There's some chatter on the web, mostly propagated by an op-ed piece by Dr. Katherine Chretien, that HIPAA may be cracking down on patient-doctor interactions online. The gist of Dr. Chretien's piece goes something like this: "The mere existence of a patient-physician relationship (e.g. having others suspect a Facebook friend is a patient) could be a violation of HIPAA."
In other words, being friends with a patient on Facebook could be construed as a HIPAA violation because another person could construe (through conjecture) that your friend may also be your patient.
Here's my question: what if you're a small town chiropractor who knows everyone in your community? Imagine you were raised in the same community as most of your patients and you've known them intimately for most of your life. Your friendly relationship precedes your professional relationship BUT, according to this interpretation of HIPAA, you are forced to deny their friend requests on Facebook in order to comply with HIPAA. You've effectively isolated yourself from a significant portion of your community.
I'll extend this idea to its next logical step: imagine a virulent and deadly disease hits America. In a normal, unregulated world, we would use social media as a platform to rapidly inform our communities of the danger and we'd be able to save hundreds, thousands, or even millions of lives by rapidly responding to the outbreak.
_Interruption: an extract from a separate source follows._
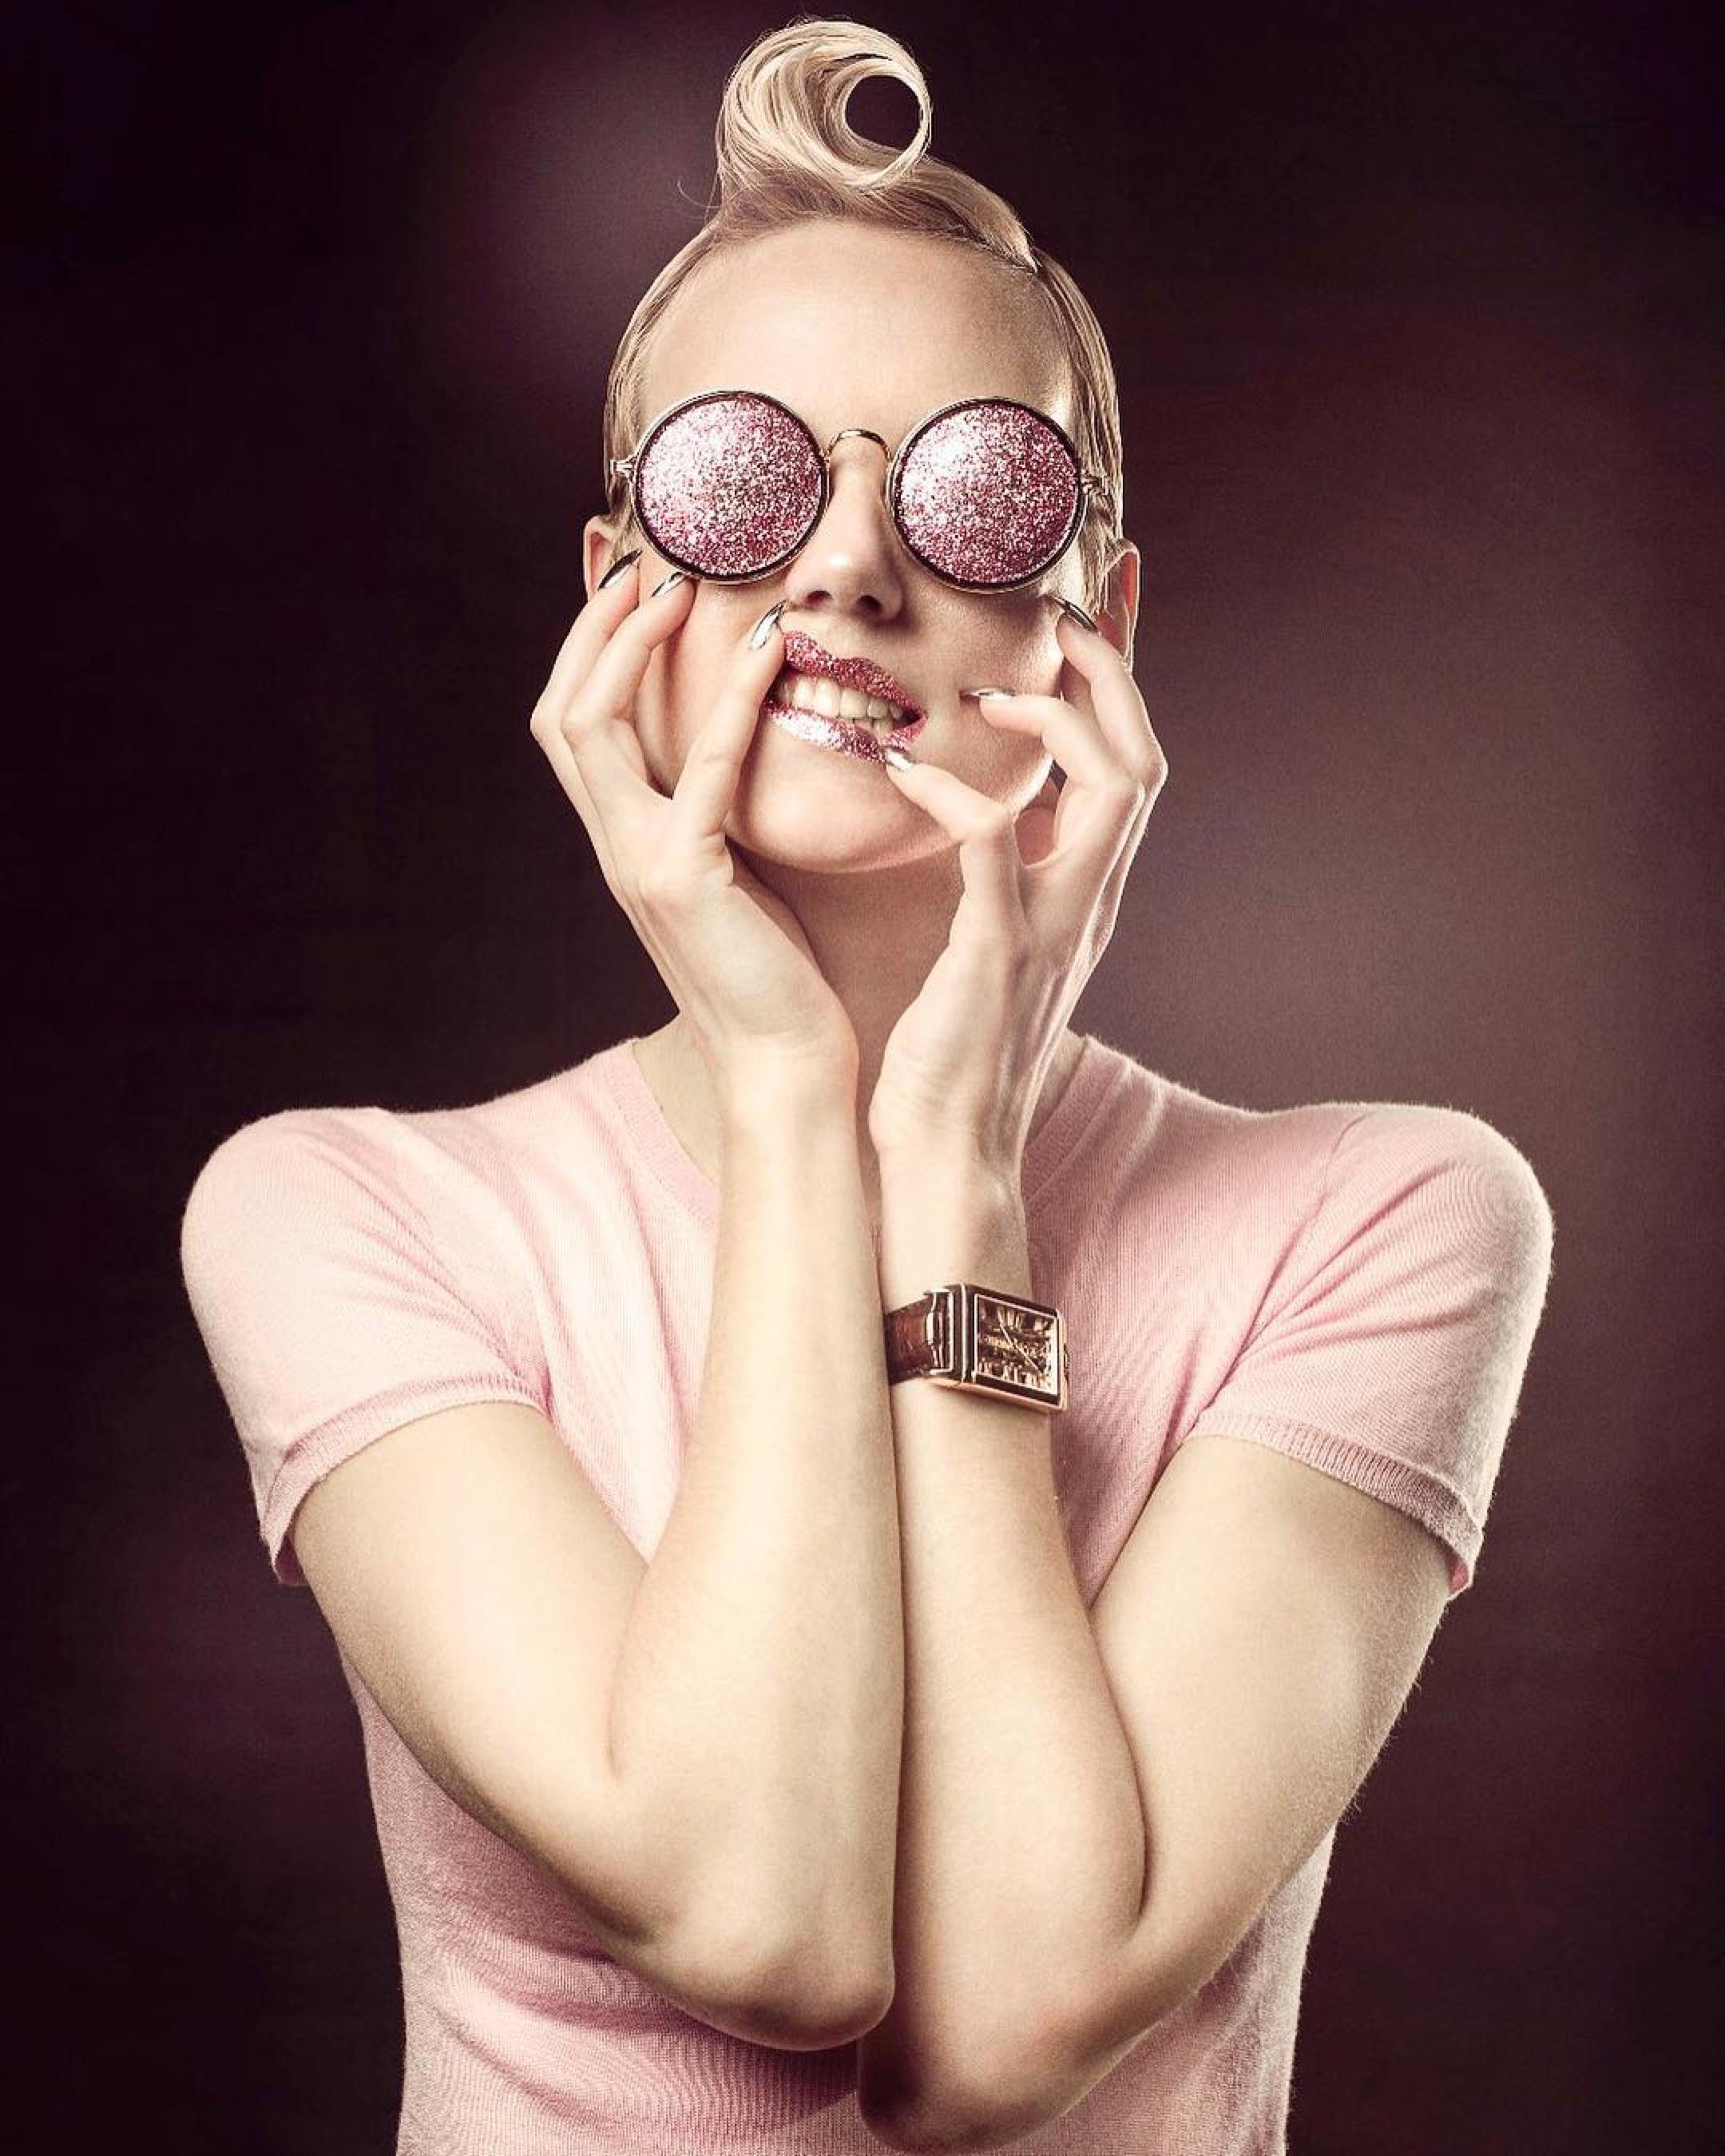 Juliette_jourdain_photographe_advertising_portrait_valerie_paumelle_agent_corum (2).JPG
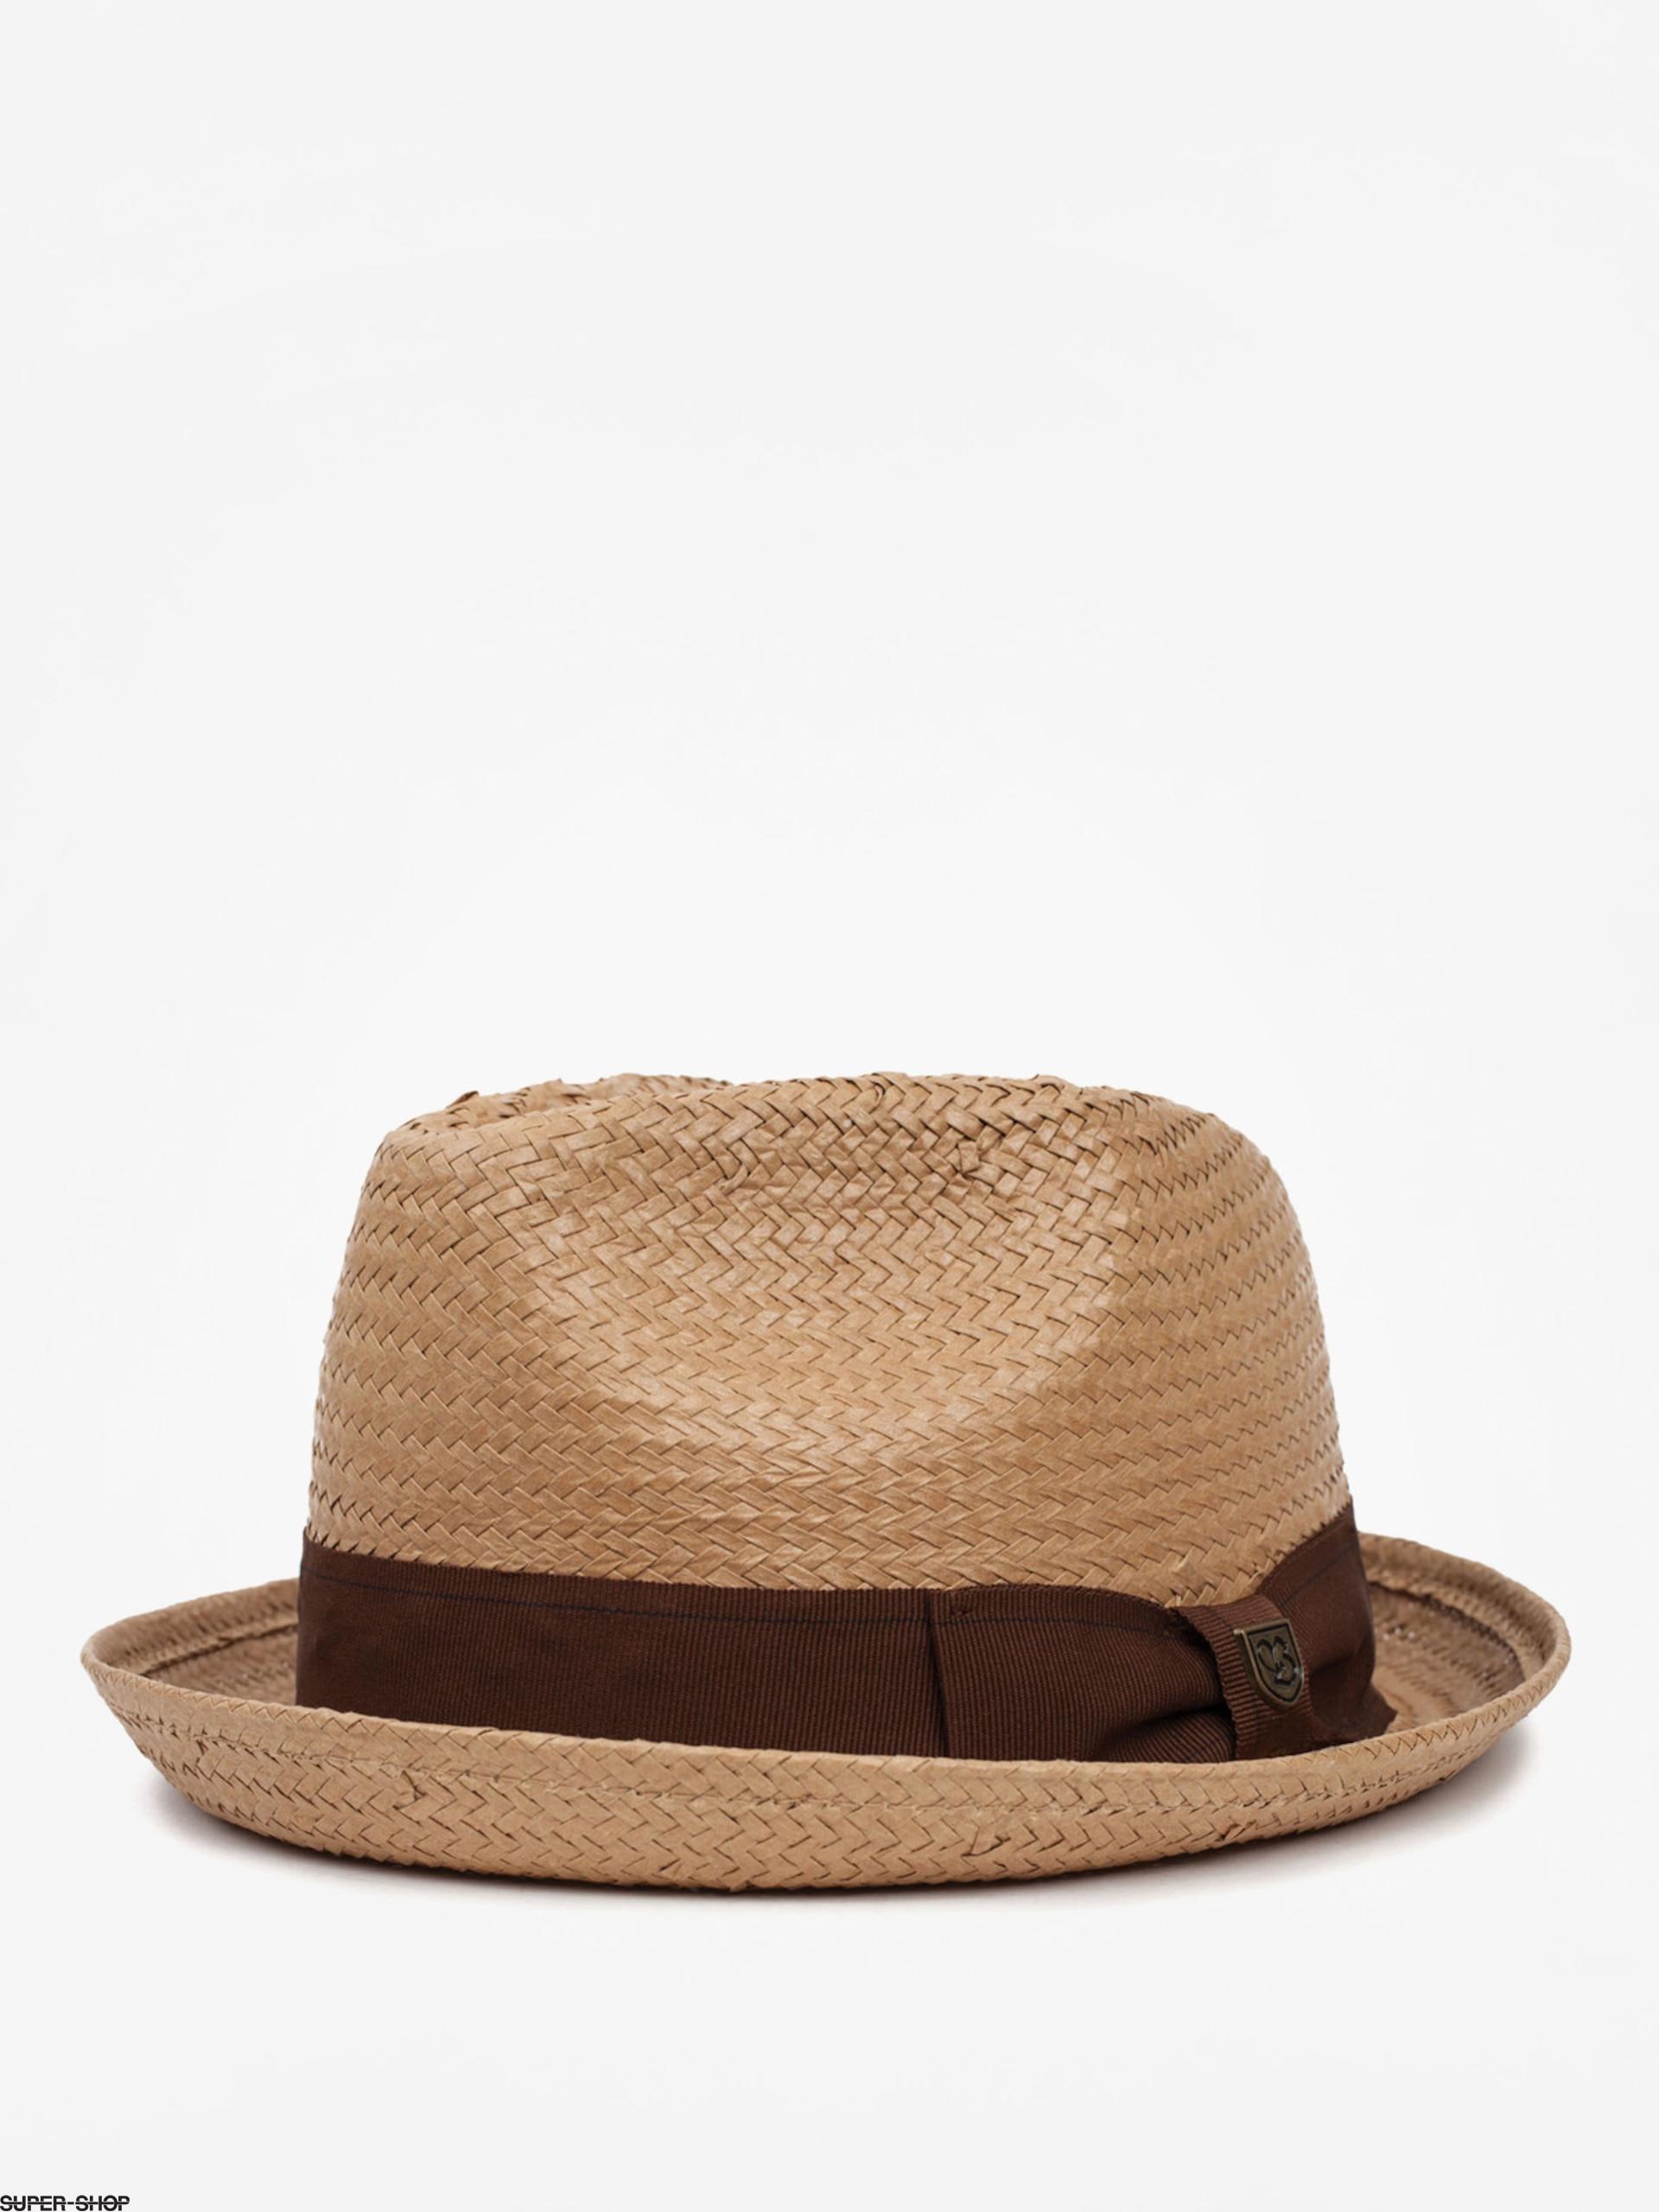 4d474348 937128-w1920-brixton-hat-castor-fedora-latte.jpg

But if Dr. Chretien's interpretation becomes the norm, you'll be largely shut off from your community and left helpless in my earlier scenario.
In my personal opinion, the benefits of promoting doctor-community interaction dramatically outweighs the paranoia of HIPAA policy nuts. If patient privacy is the concern, we need to implement guidelines for doctor-patient interaction online, not ban it.
What are your thoughts? How would stricter HIPAA policies affect you?